:: PROVIDED MATERIAL ::

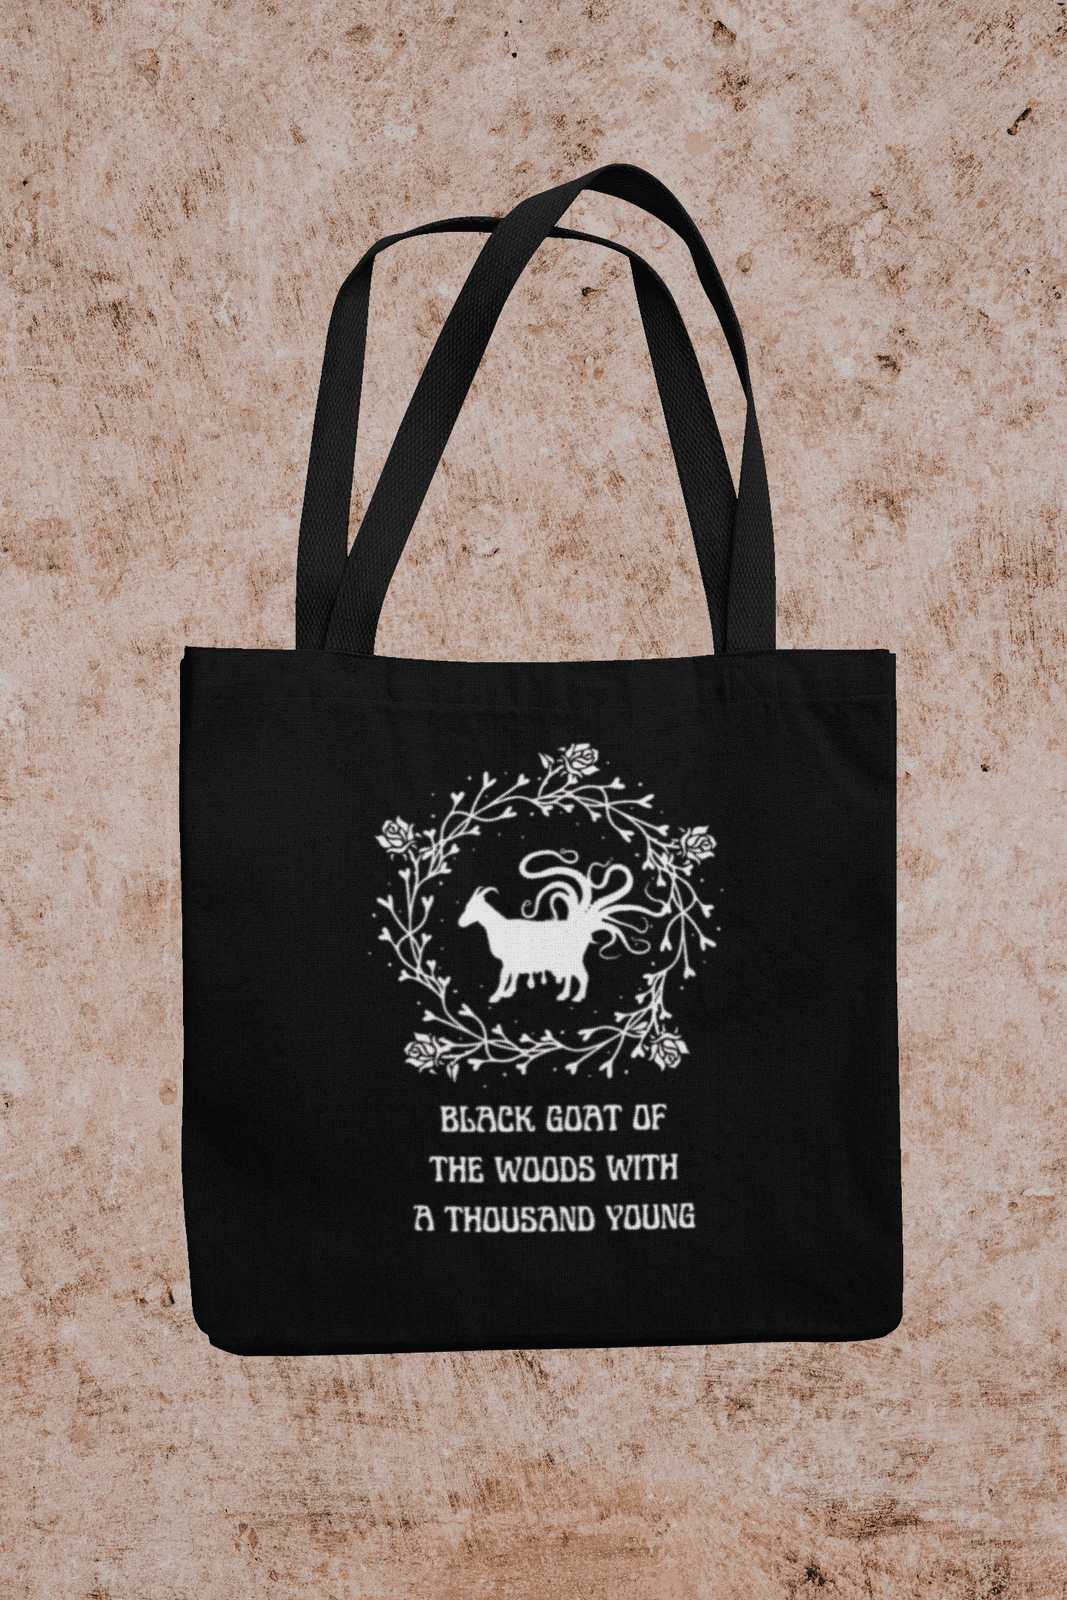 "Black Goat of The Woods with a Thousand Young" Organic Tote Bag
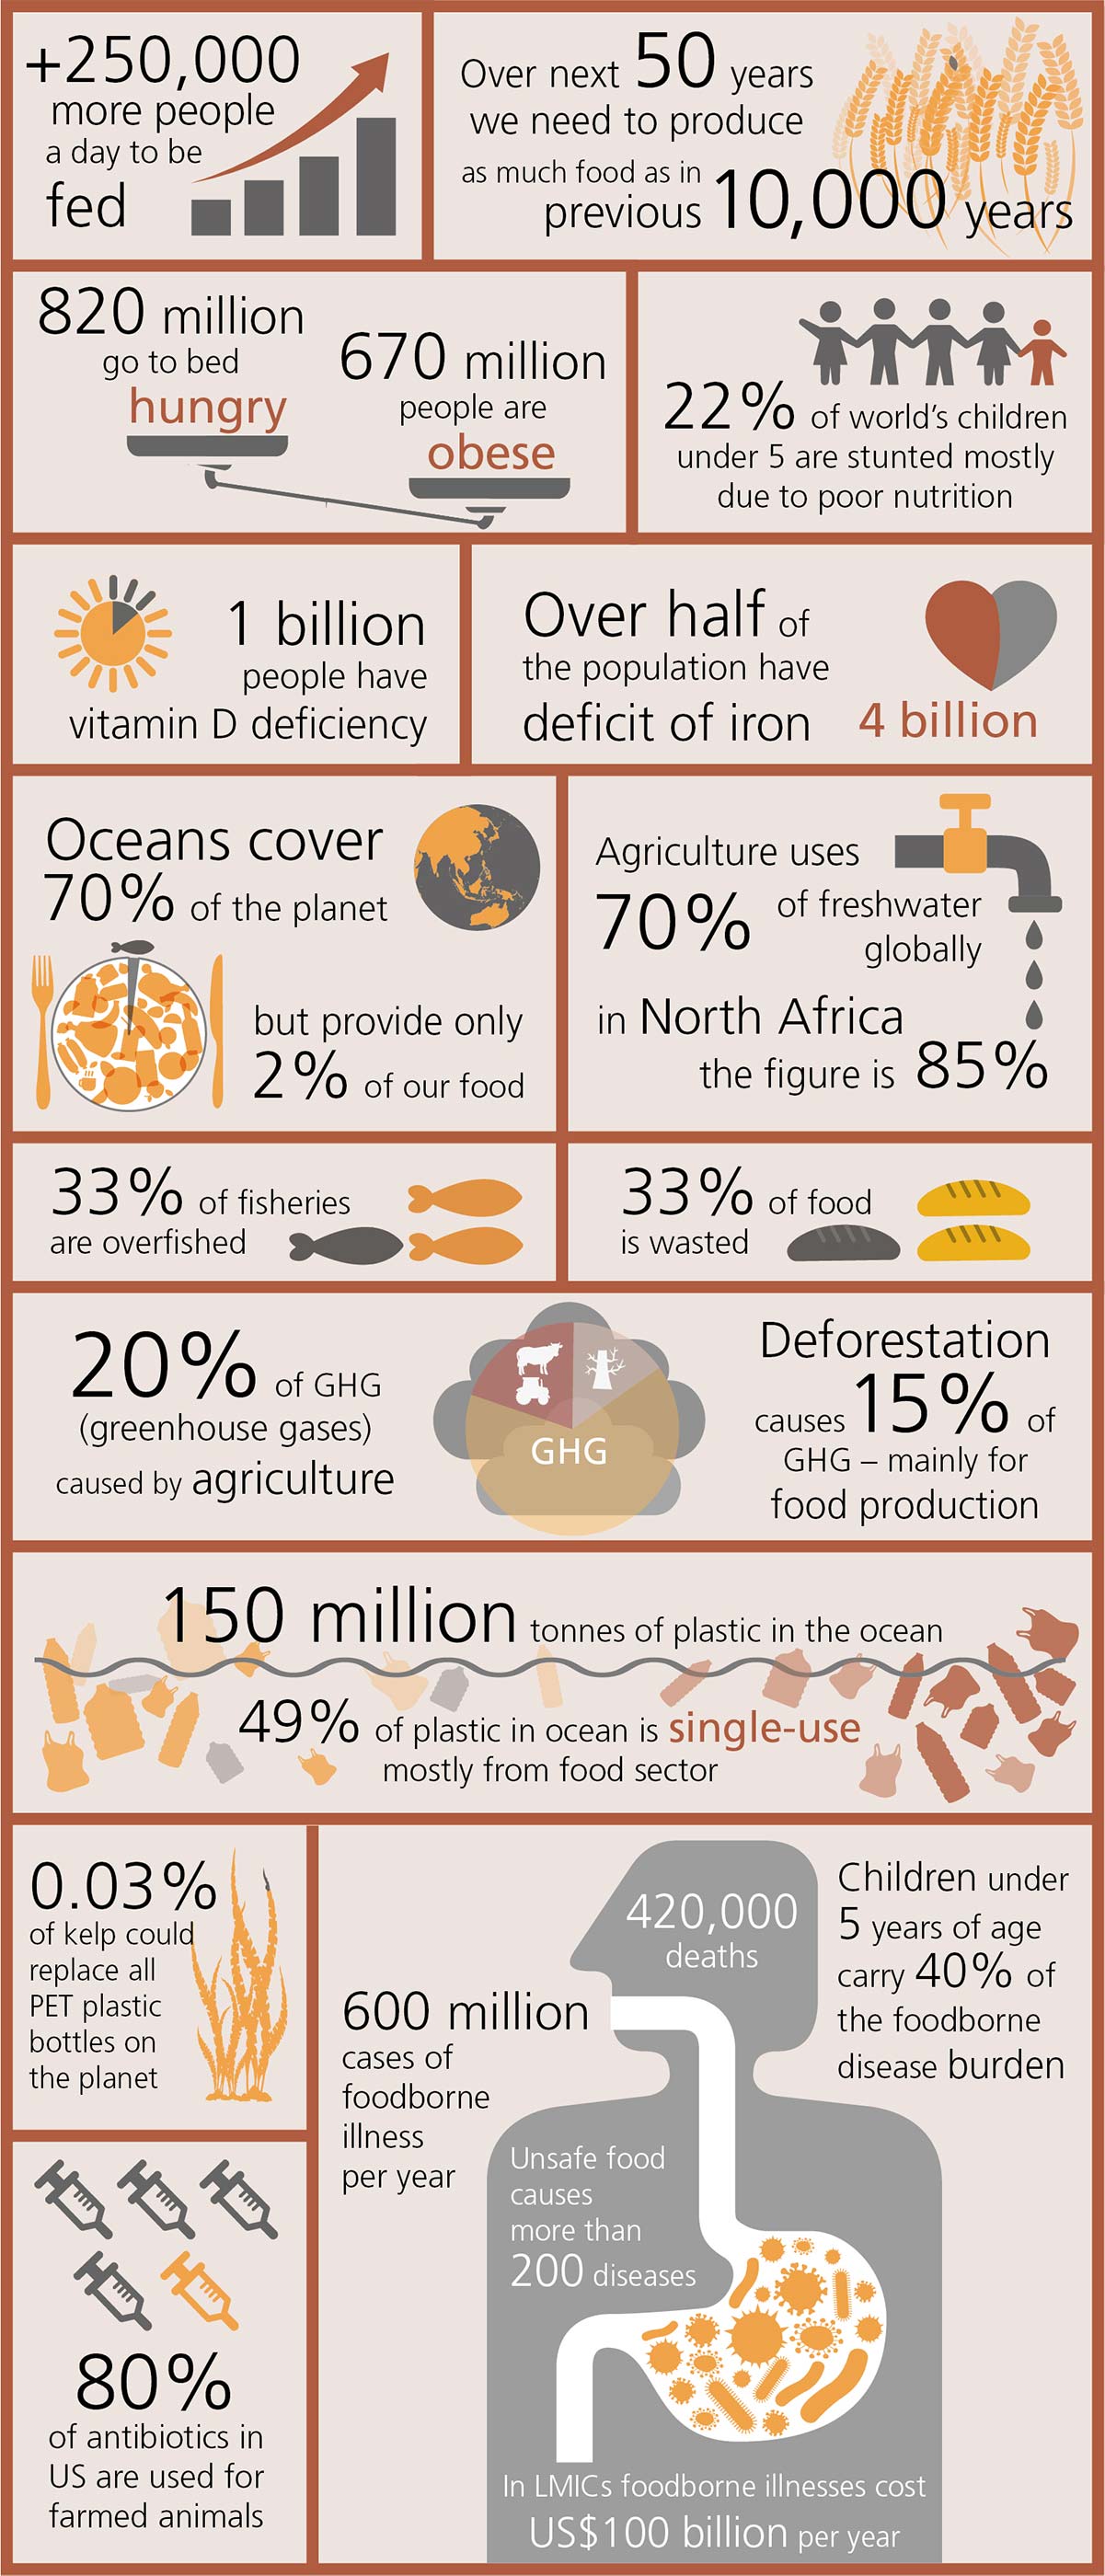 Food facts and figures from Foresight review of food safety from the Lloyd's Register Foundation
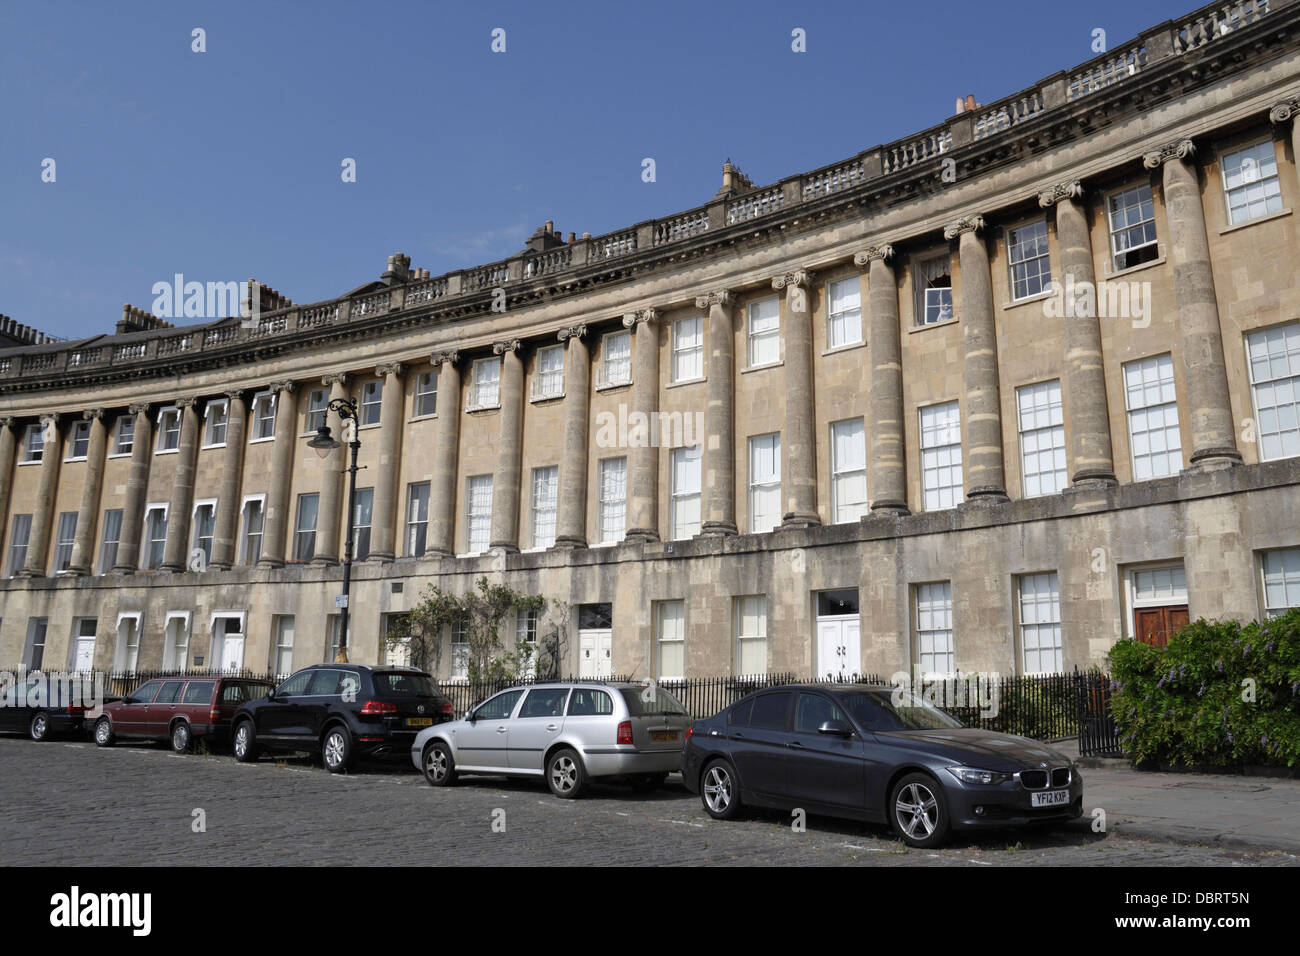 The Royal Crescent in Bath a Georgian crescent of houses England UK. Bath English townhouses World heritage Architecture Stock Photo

:::

▸ WHAT YOU NEED TO DO: Write out every line of the listing exactly as written, and leave the pictures out.

▸ RESULT OF THE TASK:
 "Black Goat of The Woods with a Thousand Young" Organic Tote Bag
 Food facts and figures from Foresight review of food safety from the Lloyd's Register Foundation
 The Royal Crescent in Bath a Georgian crescent of houses England UK. Bath English townhouses World heritage Architecture Stock Photo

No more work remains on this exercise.